More and more, countries are looking for solutions to problems that are not dictated to them from the outside, or that create reliance on other institutions. Instead, they are looking for partners who respect their expertise and knowledge of what will and won’t work within their borders—in short, institutions that are willing to adapt their approach rather than forcing a ‘one size fits all’ solution.
We at OneSight have experienced this directly. Founded as a charitable organization that gives out glasses to those who need them, it became clear that while there will always be a need for a charitable approach, it wasn’t sufficient to solve the problem.
Across the world there are more than 1 billion people who have no way to care for their eyes. And that means living in a world that’s permanently blurry. If you aren’t a wearer of glasses, borrow a pair from your co-worker, friend or spouse and try to perform some everyday tasks. Now imagine that is how you saw the world around you, and there was no way to fix it. Ever.
The New York Times recently demonstrated the scope of the problem. For example, tens of millions of children classified with learning or intelligence deficiencies are, in fact, smart and could learn easily—if they could see clearly. Hundreds of thousands of traffic accidents in India are preventable if drivers could correct their vision. Even workers in jobs that seem unrelated directly to reading, like knowing when coffee is ready to harvest, are affected and can lose employment or end up underemployed thanks to a lack of eyeglasses.
As the Times reports, “money alone won’t easily solve systemic challenges faced by countries like Uganda, which has just 45 eye doctors for a nation of 41 million…Until last year, Liberia did not have a single eye clinic.”
And this is where the real opportunity lies. Building capacity while understanding the unique cultural and economic factors that can work to make a permanent solution possible.
So in the case of OneSight, we take an idea—the vision care center, with the capability to create its own eye wear, priced to be affordable to the communities they serve, and with local employees and doctors—and adapt it to the needs of the countries we work with. So instead of being limited to serving thousands at a free clinic, we can supplement those efforts to give access to millions. That’s the only way to close the gap.
Over the past five years, we’ve learned a lot about laying groundwork for success when creating partnerships across national, cultural, and economic lines. Here are a few things we’ve learned along the way:
- SHARING EXPERTISE AND TRANSFERRING KNOWLEDGE
Working shoulder to shoulder with local partners is essential to success. We have expertise, so do our partners. We help train and support local people to become experts themselves. They provide the on-the-ground knowledge of where a center should be placed and what pricing models will work best for their population. We help them establish a supply chain, they work to raise awareness so people will actually come to the center by demonstrating the value of glasses and the impact they can have on someone’s potential to learn and to work.
Based on the location and capabilities of a community, these self-sustaining centers work in one of three ways:
- We partner with Ministries of Health or other government entities to build this capability into their existing health system.
- We partner with a trusted, non-governmental organization. In India for example, we partner with LV Prasad, a trusted name in the eye care industry throughout the country.

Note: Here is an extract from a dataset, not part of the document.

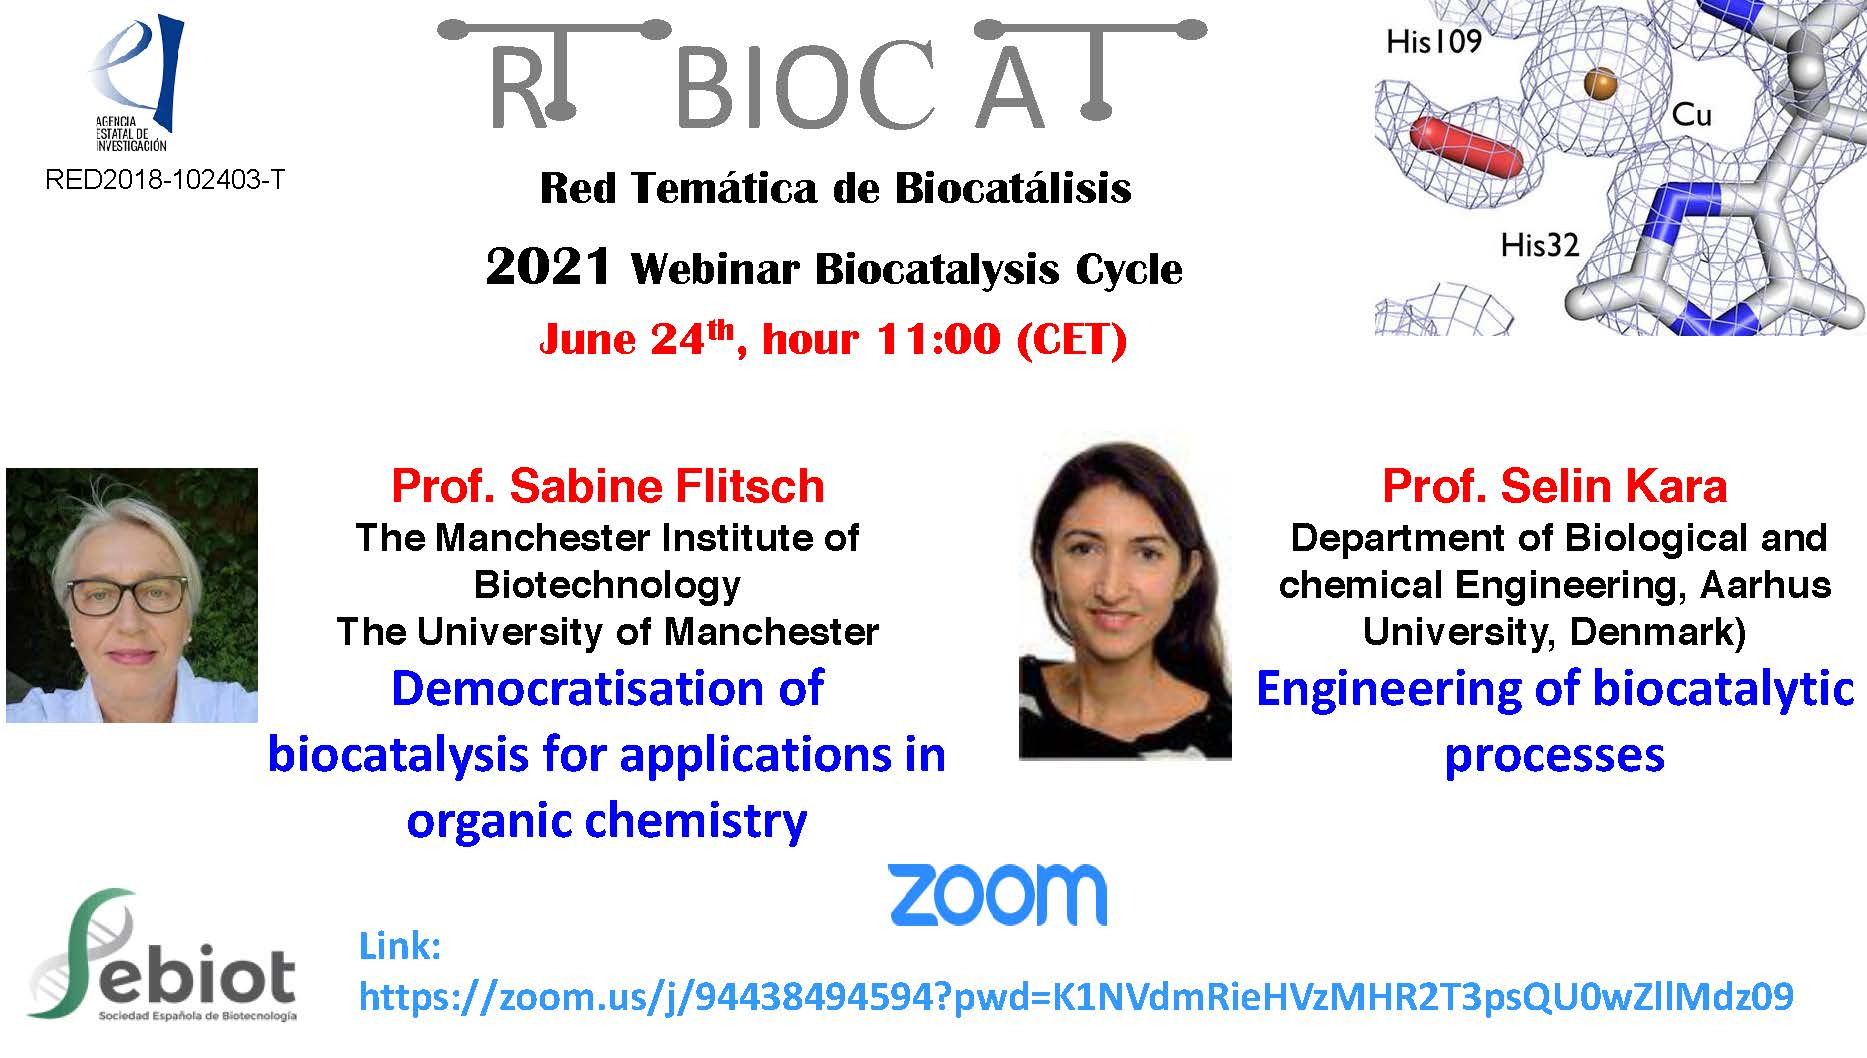 Seminarios Biocatalisis 24 junio 2021
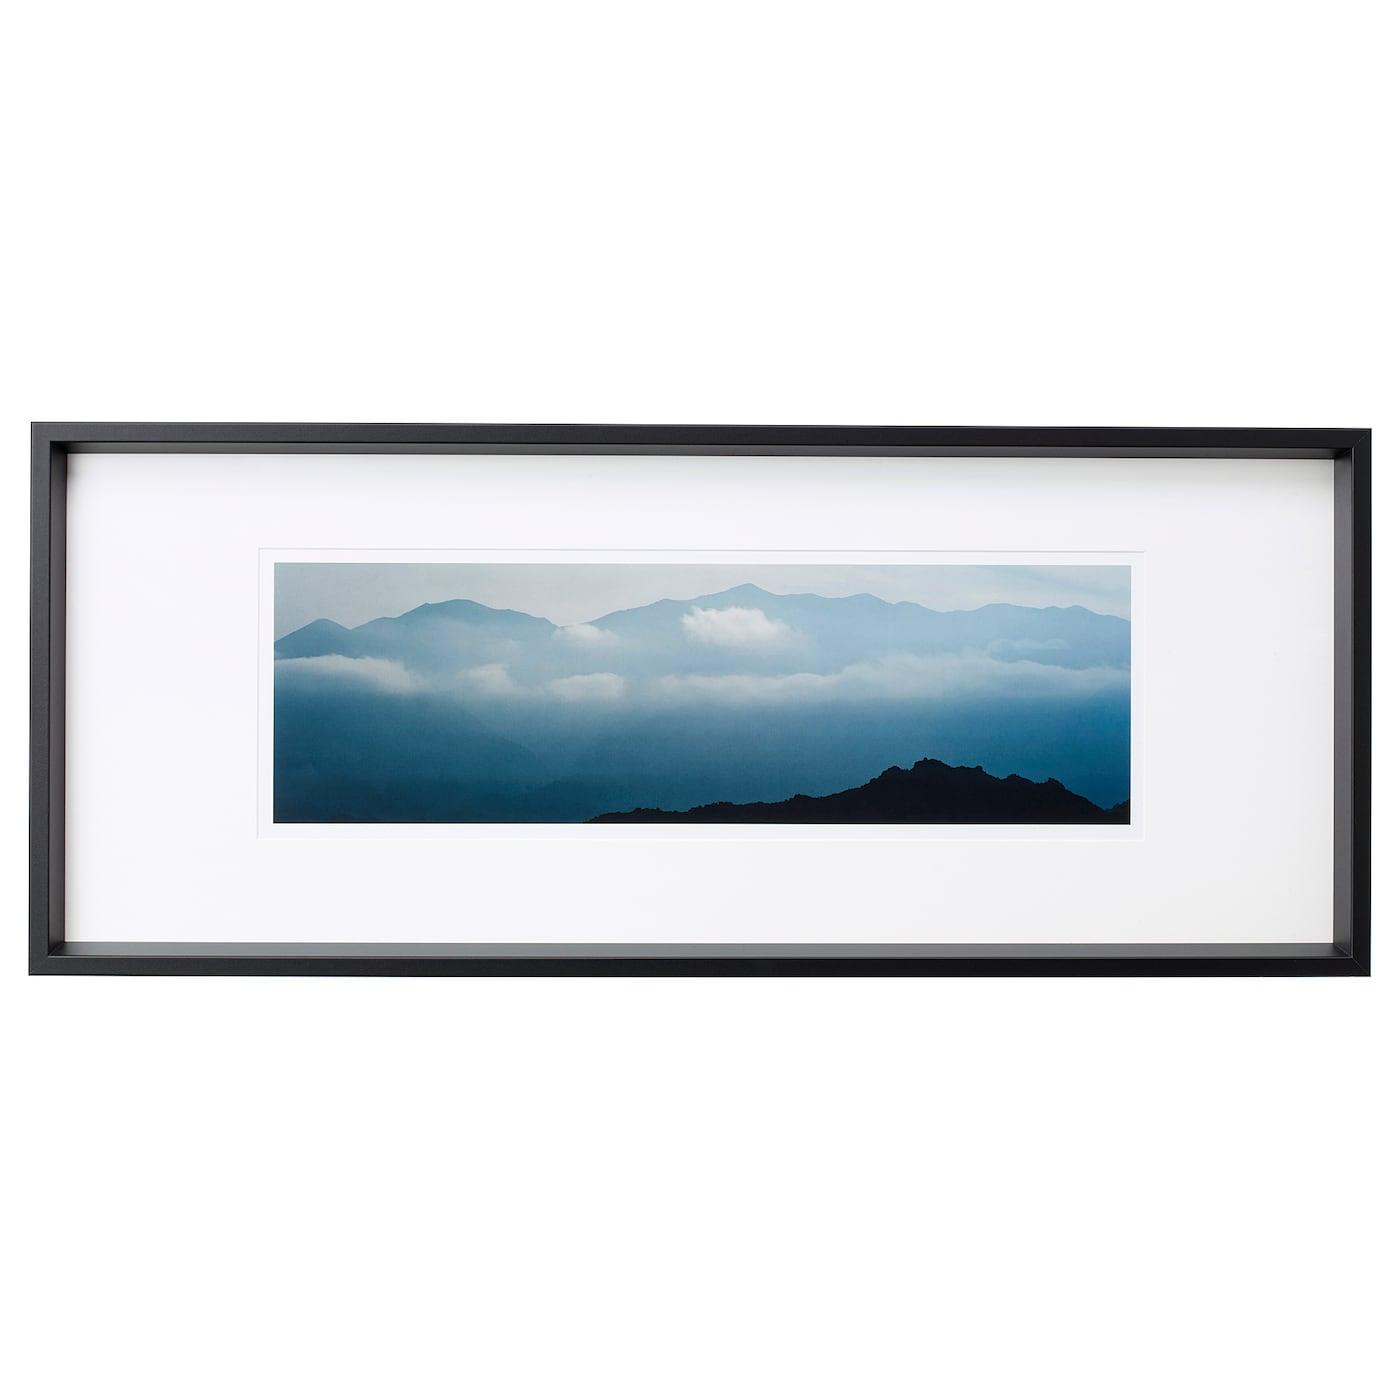 Olunda Picture Mountain View 94×38 5 Cm Ikea

- In the United States, we enable locally based health centers to bring comprehensive vision care services to students and their communities. This helps to ensure students are set up to realize their full potential in schools.
- TRAINING IT FORWARD
We like to operate under a simple rule: make sure to train ourselves out of a job. We start with hands-on training, but over time move to a train-the-trainer model. That’s really the only way to scale, and it allows a direct knowledge transfer (“here’s what worked for us”, “here’s something you should probably be aware of”) rather than relying on us to be the clearinghouse for insights.
In The Gambia until recently, there was only only one optometrist to serve the entire country—that’s 2 million people. Even President Adama Barrow lacked vision care before receiving his first pair of glasses at a OneSight vision center. Today, The Gambia has 7 vision centers and 1 eyeglass manufacturing lab, and the majority of staff at each successive center was trained by fellow Gambians.
Not only that, it’s also working well with staff between countries: with team members from The Gambia working with teams in Liberia to help get their vision centers off the ground.
- MEASURE AND REFINE
It’s hard to gauge success without data, we use a patient-centric approach that determines when we can say that a population has access to vision care. Lower than expected scores tell us where we need to work with our partners to make improvements.
Patient surveys are conducted to gauge progress against key metrics. The survey scorecard measures:
- Access: 100 percent of the population has the ability to be refracted within a day’s travel using a standard mode of travel within the country.
- Affordability: The lowest price point must be affordable to 90 percent of the population.
- Awareness: 80 percent of the population understands typical vision problems (nearsightedness, farsightedness, astigmatism, age) are an issue, are treatable, and knows where to receive treatment.
With each new country, we gain new insights, new approaches and new ways of thinking about how to adapt to the specific needs that each partner has. Yes, it can feel like starting over again, but over time and as we see the impact that each new center brings to its community, the payoff is well worth it.
We are committed to closing the vision care gap, but we can’t do it alone. We’ll keep learning, and so will our allies.